The flowcharts presented at the end of chapter 5.3.3 show the combination of single workflows to give answers to the questions.

5.3.3 The Workflows of the Flood Event Explorer

This chapter gives a brief overview about the workflows we have developed for the Flood Event Explorer. The first part presents the workflows shown in Fig. 5.7 with (a) a short textual description of each workflow’s objective, functionality and added value, (b) the flowcharts of the conceptual workflows and (c) the visual user interface of the digital workflows. The second part introduces the combined workflows that allow us to answer more complex geoscientific questions.

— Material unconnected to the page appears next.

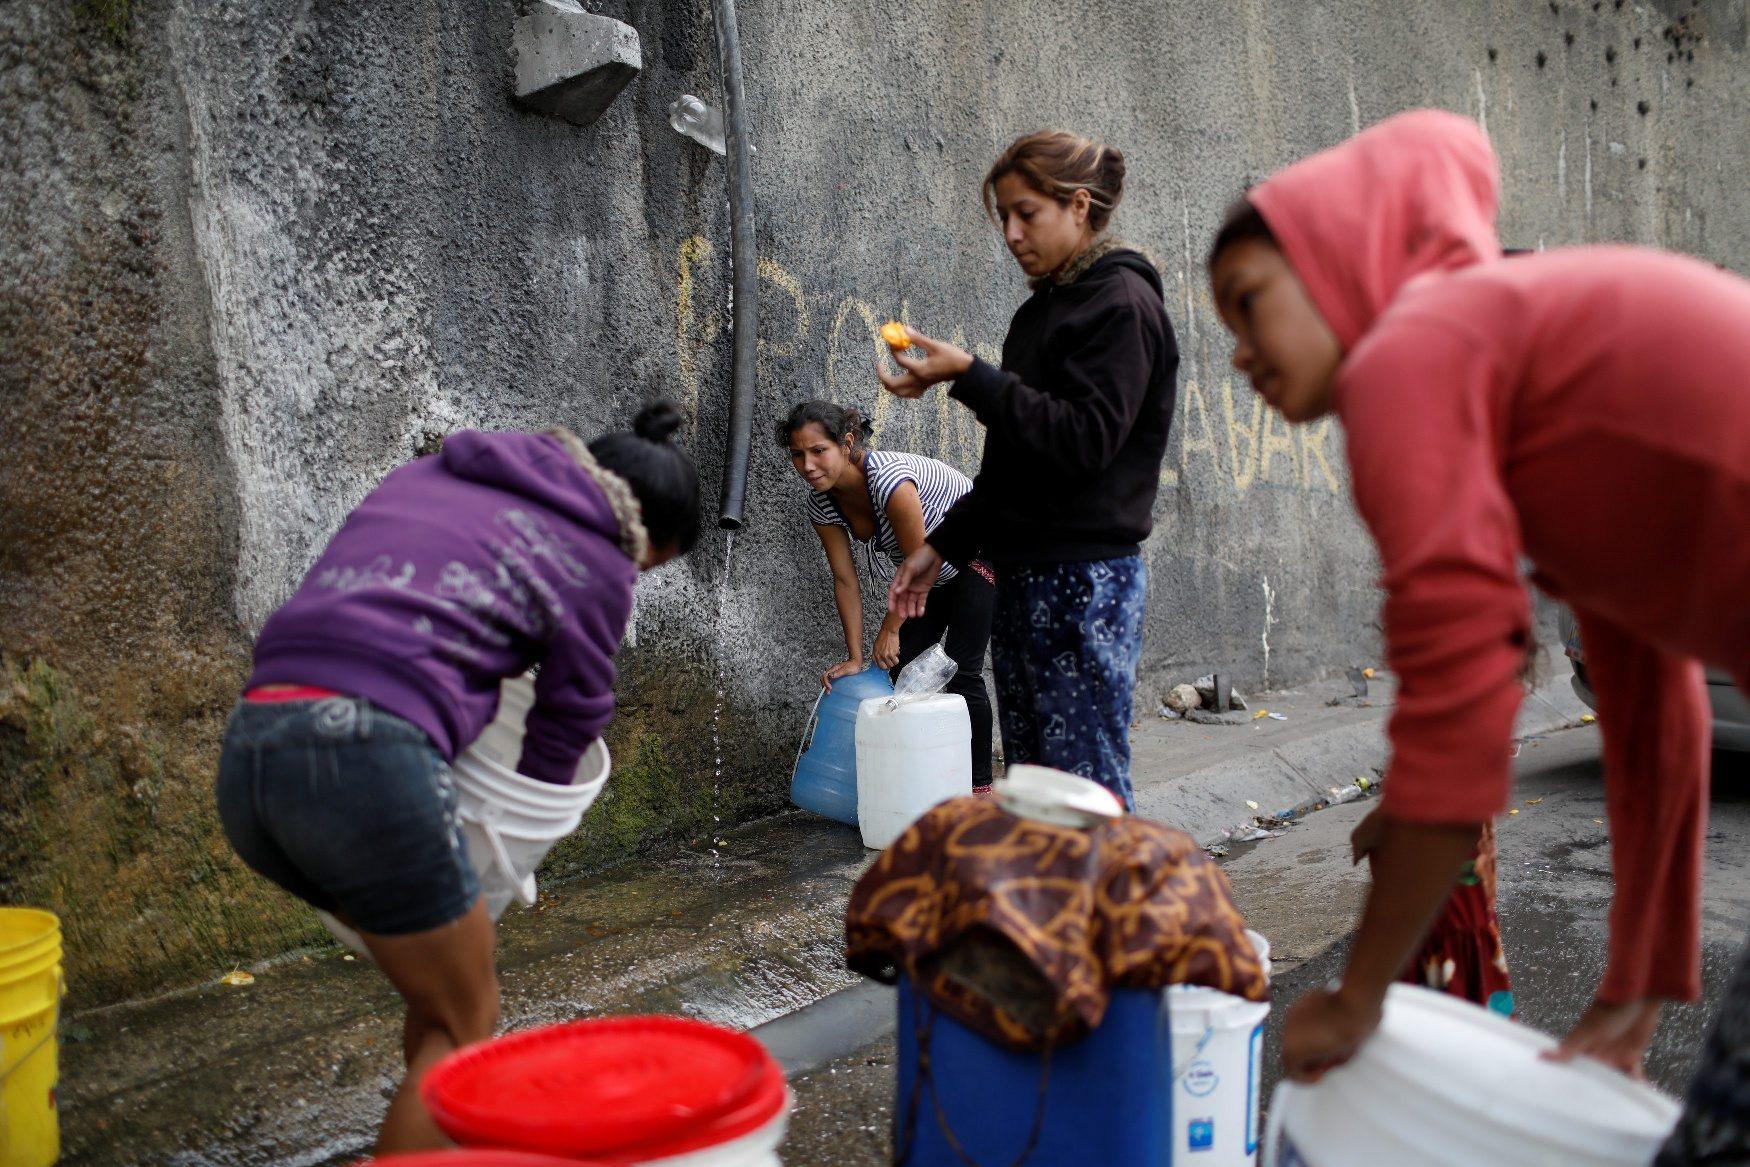 2018-08-15T120302Z_2008168851_RC1B31B607B0_RTRMADP_3_VENEZUELA-WATER

Access to all workflows as well as their documentation, additional media and references is provided via a mutual landing page (http://rz-vm154.gfz-potsdam.de:8080/de-flood-event-explorer/). The landing page provides an interactive overview of the environmental compartments along the process chain of flood events and the involved workflows.

5.3.3.1 The Climate Change Workflow

The goal of the Climate Change Workflow (Fig. 5.8, Fig. 5.9) is to support the analysis of climate-driven changes in flood-generating climate variables, such as precipitation or soil moisture, using regional climate model simulations from the Earth System Grid Federation (ESGF) data archive. It should support to answer the geoscientific question “How does precipitation change over the course of the 21st century under different climate scenarios, compared to a 30-year reference period over a certain region?”

Fig. 5.8
figure 8

Conceptual workflow description of the Climate Change Workflow

Fig. 5.9
figure 9

Visual User Interface of the Climate Change Workflow

Extraction of locally relevant data over a region of interest (ROI) requires climate expert knowledge and data processing training to correctly process large ensembles of climate model simulations; the Climate Change Workflow tackles this problem. It supports scientists to define the regions of interest, customize their ensembles from the climate model simulations available on the Earth System Grid Federation (ESGF) and define variables of interest and relevant time ranges.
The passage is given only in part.